I presumed this refers to: Word → Preferences … (There is, of course, a “Security and Privacy” pane in  → System Preferences but I looked there and couldn’t find categories that look relevant to uploading a file for conversion.)

But, as you can see, there is only “Privacy” here, not “Security and Privacy” in Word → Preferences …

Clicking on Privacy brings up this:

I thought that “Manage Connected Experiences” would give me the opportunity to allow PDF uploads.
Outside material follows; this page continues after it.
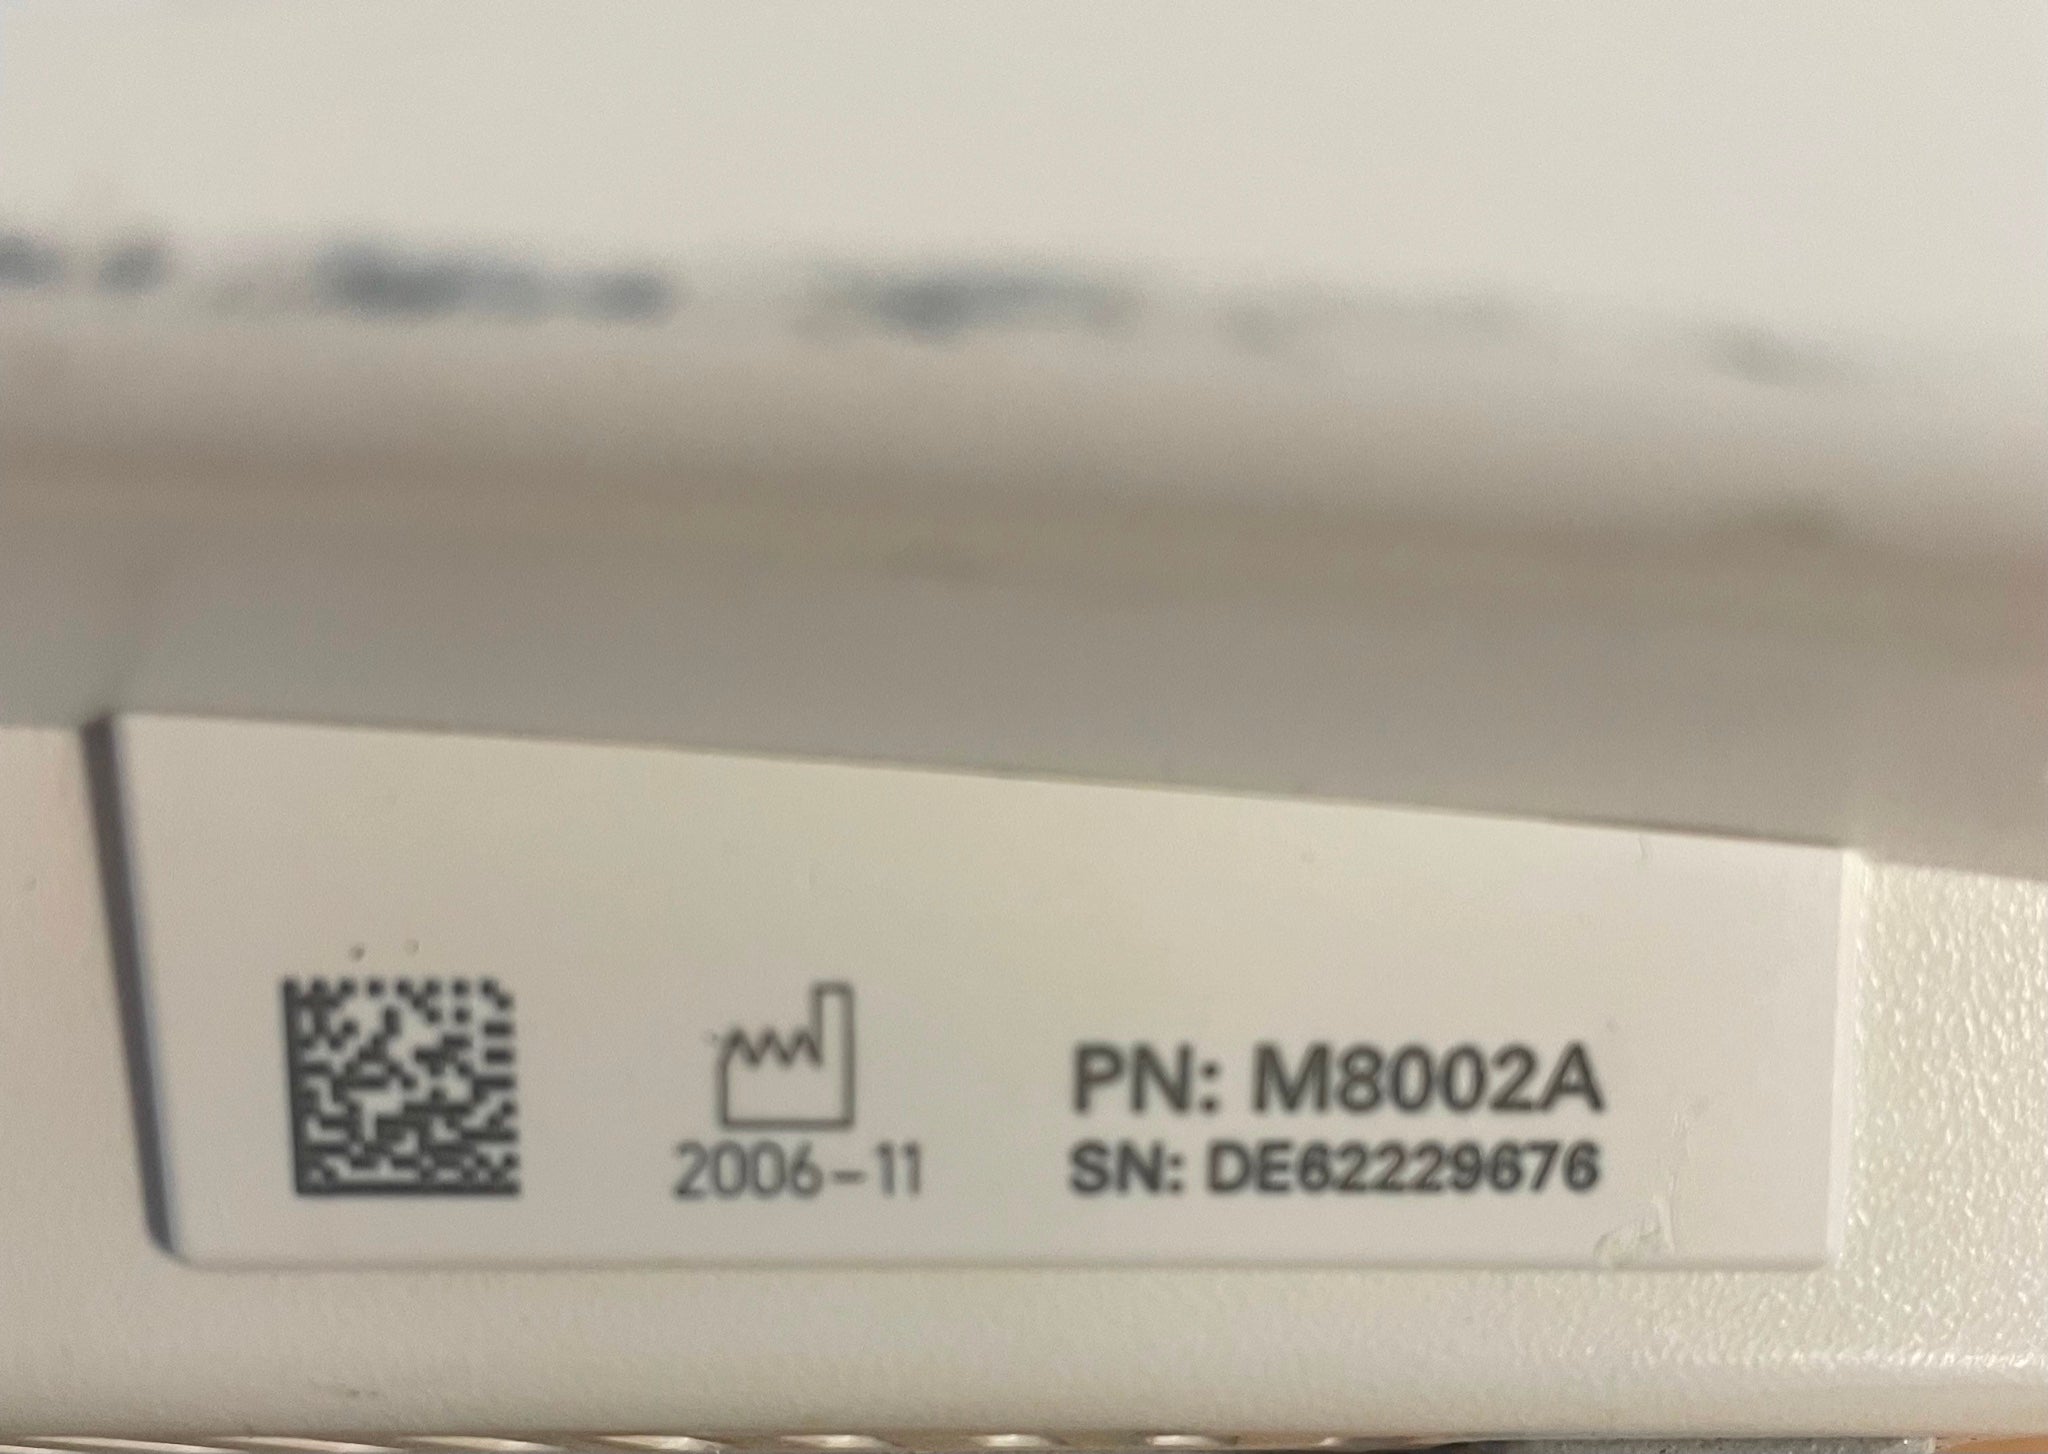 Philips IntelliVue MP30 Color Patient Monitor SN:DE62229676 REF:M8002A DIAGNOSTIC ULTRASOUND MACHINES FOR SALE
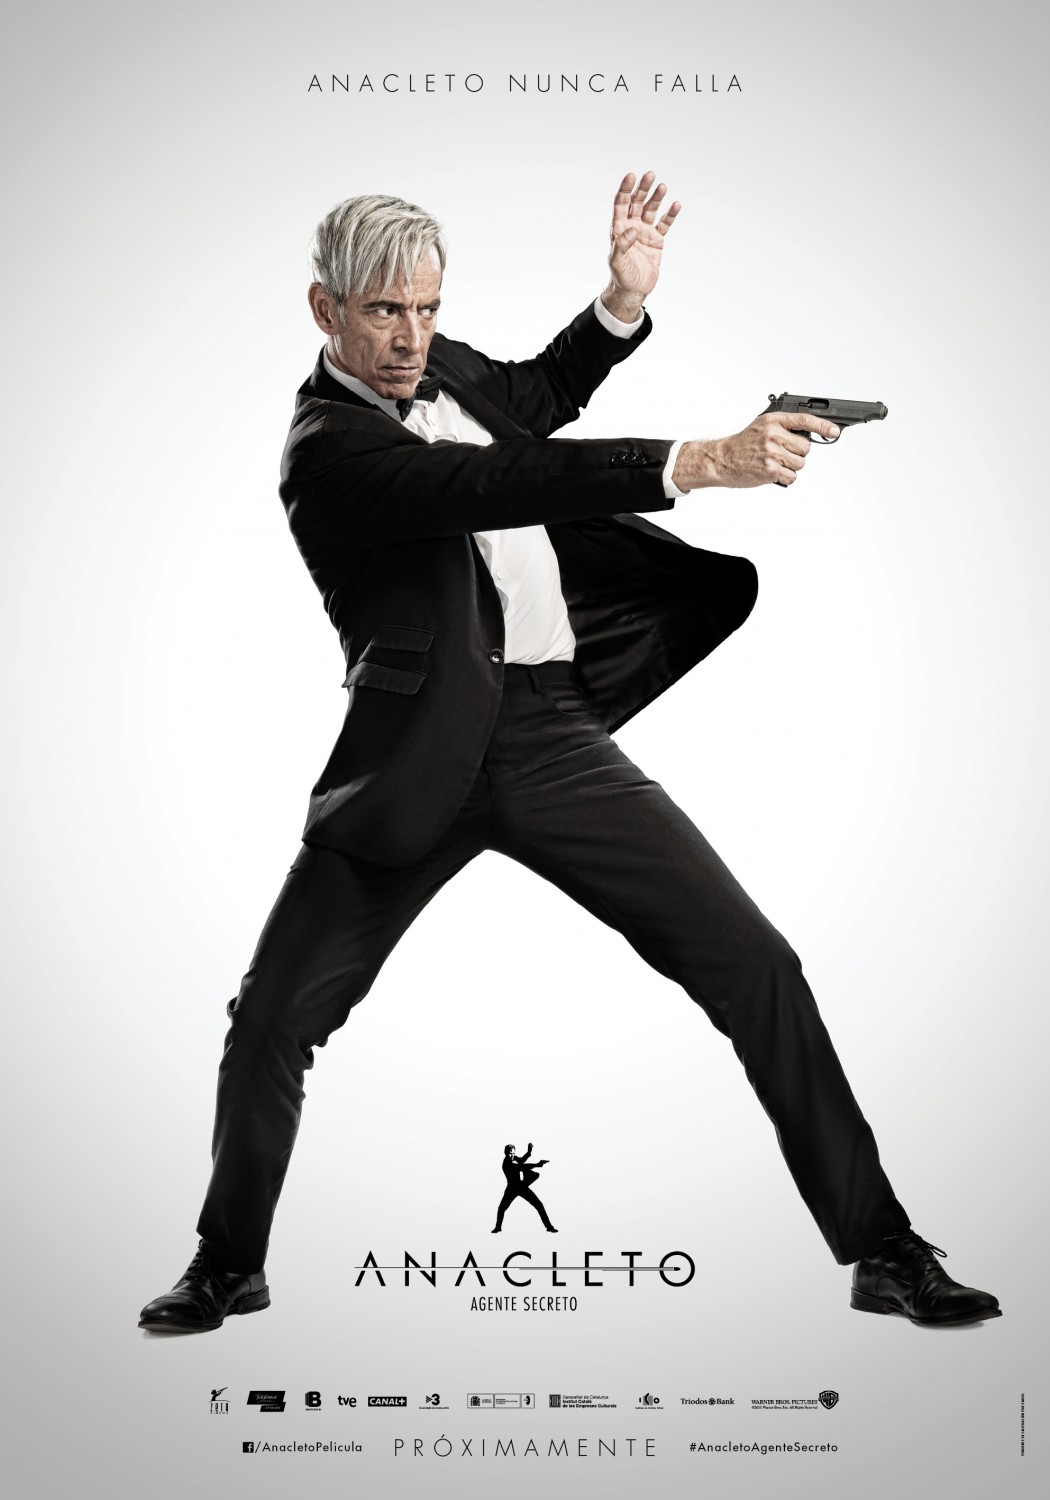 Extra Large Movie Poster Image for Anacleto: Agente secreto (#1 of 3)

Curiously, the “Learn More… “ link refers to a page that apparently applies to only Microsoft 365 products:

Excel for Microsoft 365 Word for Microsoft 365 Outlook for Microsoft 365 PowerPoint for Microsoft 365 Access for Microsoft 365 Publisher for Microsoft 365 Excel for Microsoft 365 for Mac Word for Microsoft 365 for Mac Outlook for Microsoft 365 for Mac PowerPoint for Microsoft 365 for Mac

As you can see, I’ve checked all the “Connected Experiences” checkboxes:

So …

Do you have any ideas how to get that dialog box you posted to appear again? How might I change my mind and now allow PDFs to be uploaded?

Thank you for taking the time to read this.